By Friday evening, Mama Love’s Canteen and Bar looked like a refugee camp for weather survivors.
All week, Lagos had been soaked.
Rain had fallen with the kind of seriousness that makes every Lagosian suddenly become amateur hydrologist.
From Lekki to Surulere, from Ajegunle to Ikoyi, residents had spent the week staring suspiciously at drainage channels, calculating whether their streets would remain roads or temporarily become tributaries of the Atlantic.
The Nigerian Meteorological Agency had already issued flood alerts.
And Lagos, to its credit, took the warning seriously.
At least until Friday.
Because by Friday evening, when the skies briefly cleared, Mama Love’s became the official post-rain rehabilitation centre for Aguda’s finest political philosophers.
Chiboy arrived first, trousers still damp.
“This rain no be ordinary rain. Na government-level rain.”
John looked exhausted.
“My street nearly collect boat service this morning.”
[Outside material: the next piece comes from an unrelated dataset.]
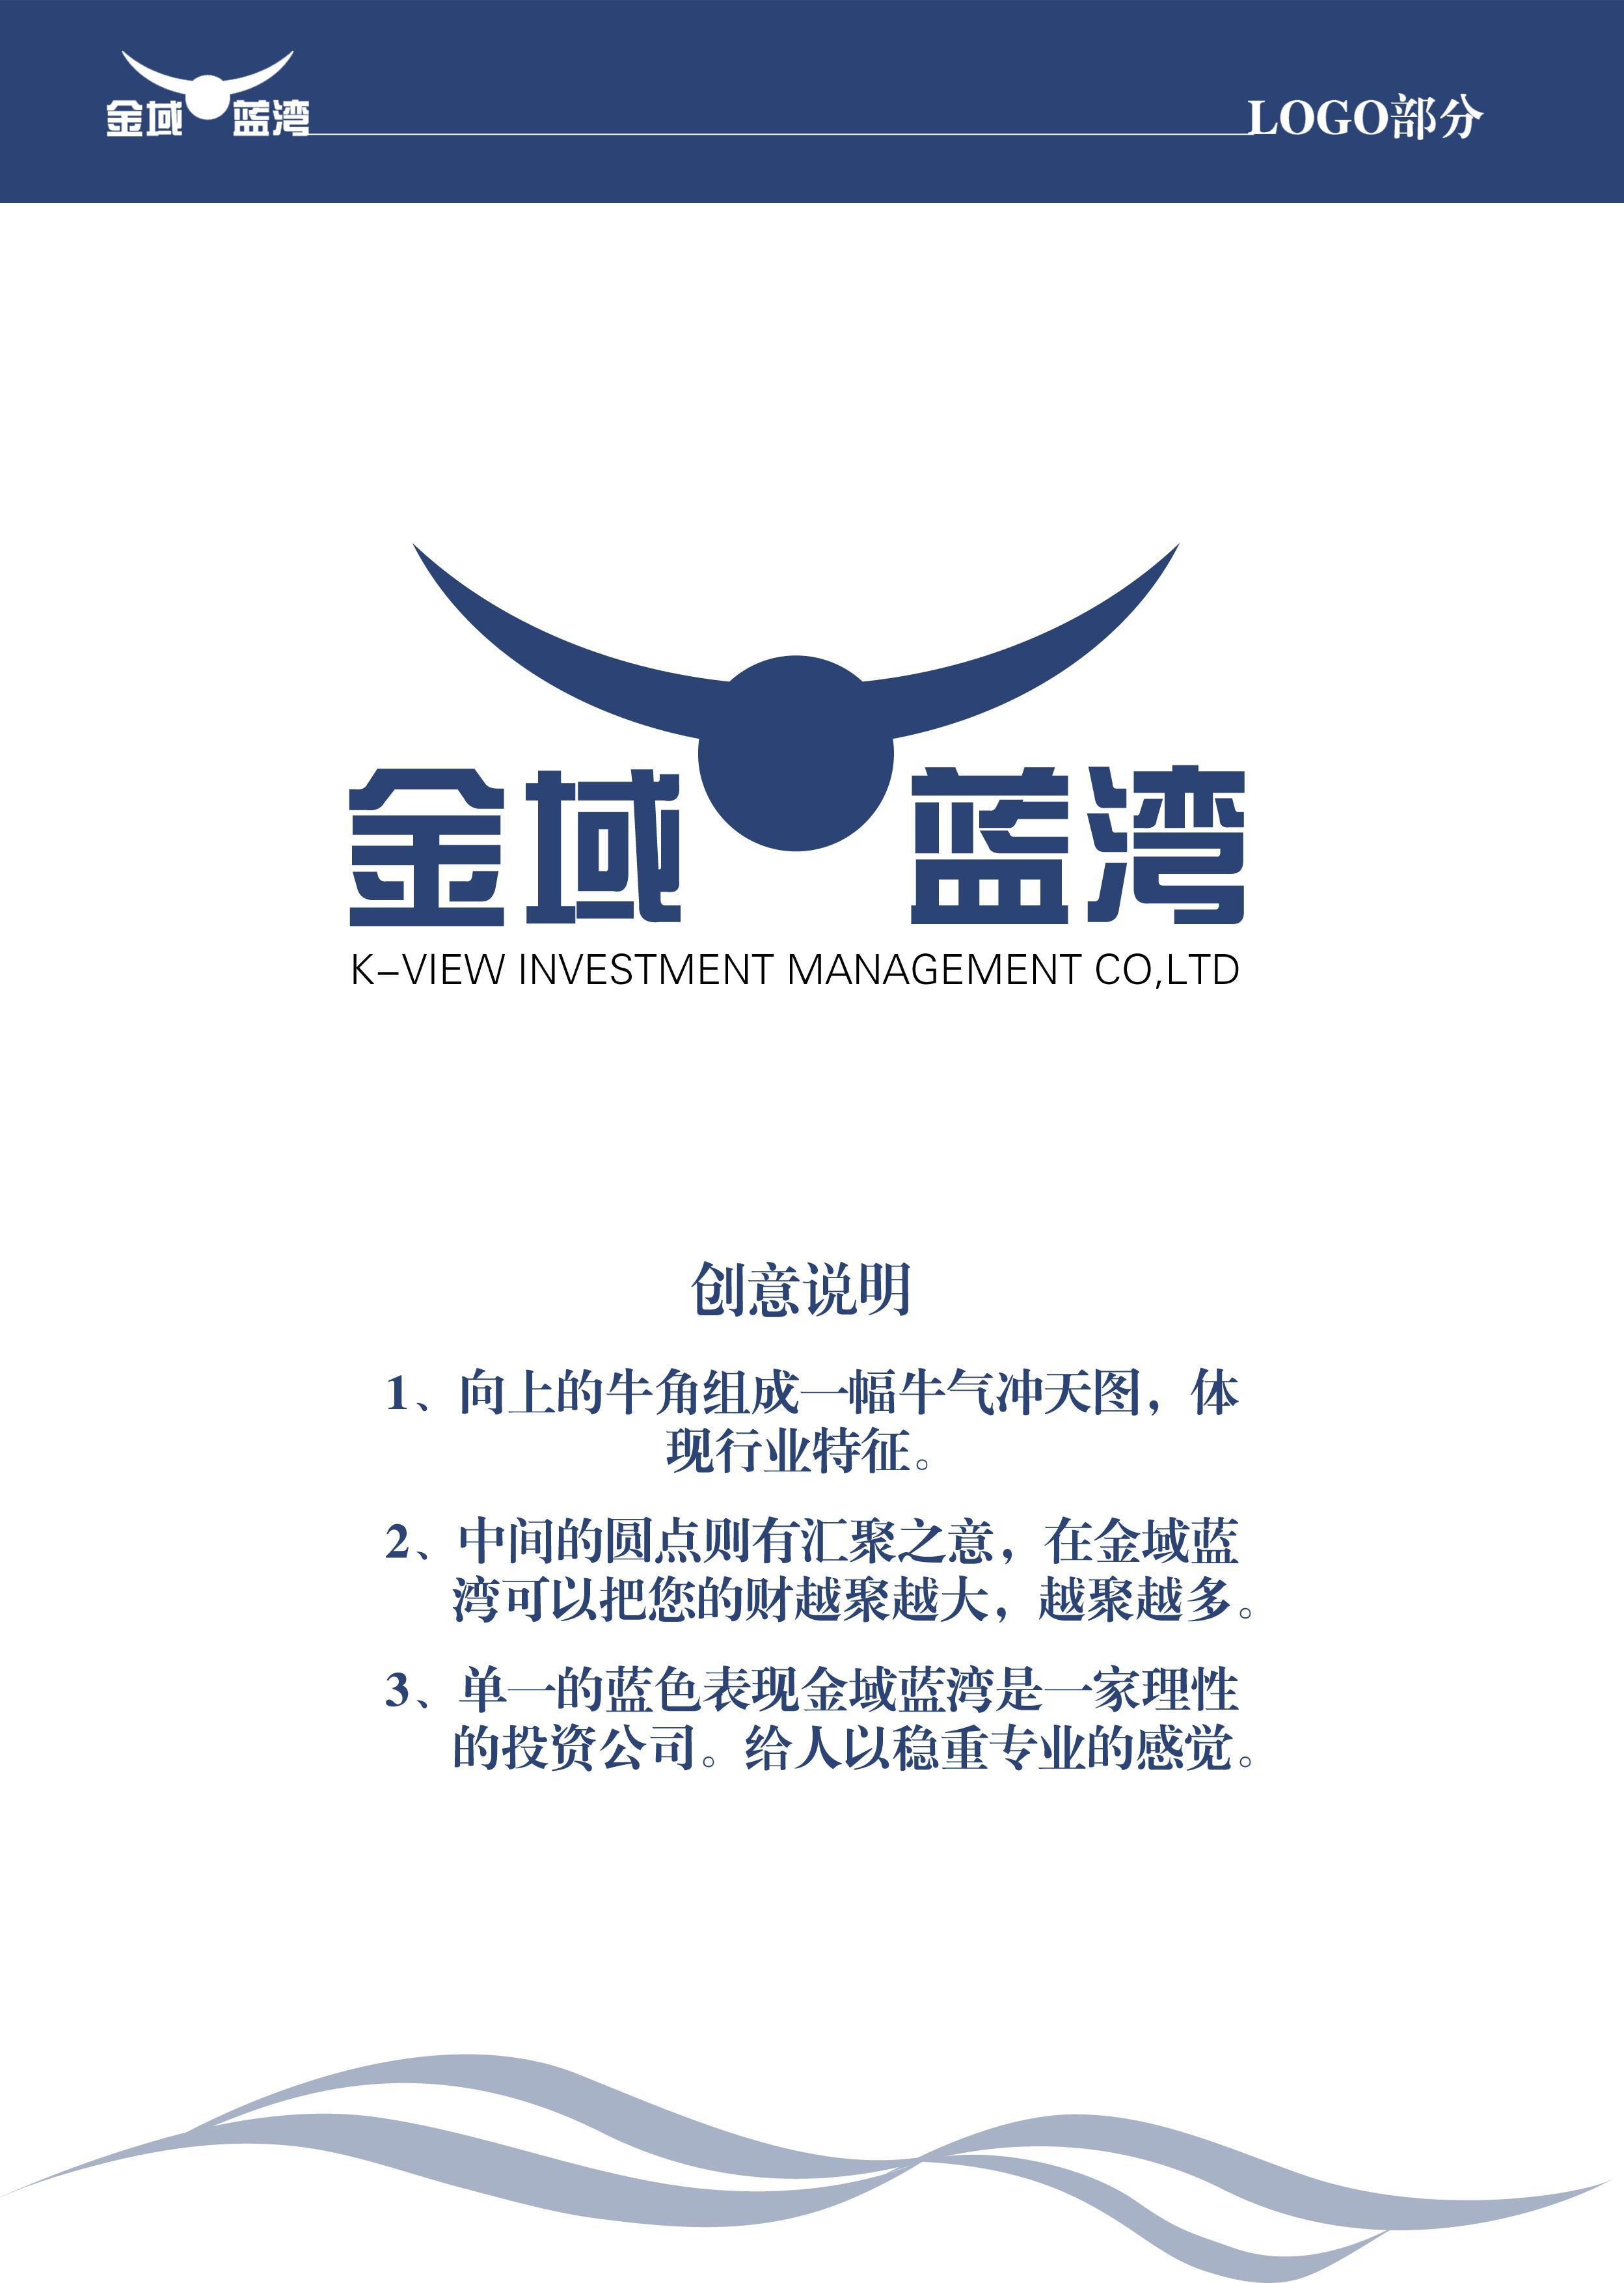 金域蓝湾 logo和简单vi(已加英文名称)_977427_k68威客网

The beer parlour laughed knowingly.
There is no faster way to unite Lagosians than collective drainage anxiety.
I adjusted my cap.
“Urban flooding,” I announced, “is what happens when rainfall meets poor planning and blocked ambition.”
Chiboy blinked.
“Blocked ambition?”
“Yes,” I said. “Drainage and politics have similar problems. Too many obstructions.”
That was enough to begin the evening properly.
The weather had indeed dominated conversation.
NiMet’s warnings about flash floods had placed residents on alert, especially in flood-prone Mainland and Island corridors.
And for good reason.
In Lagos, heavy rain performs annual audits of urban planning.
It reveals:
- blocked drains,
- abandoned infrastructure,
- illegal constructions,
- and every resident who secretly dumped refuse into gutters during dry season.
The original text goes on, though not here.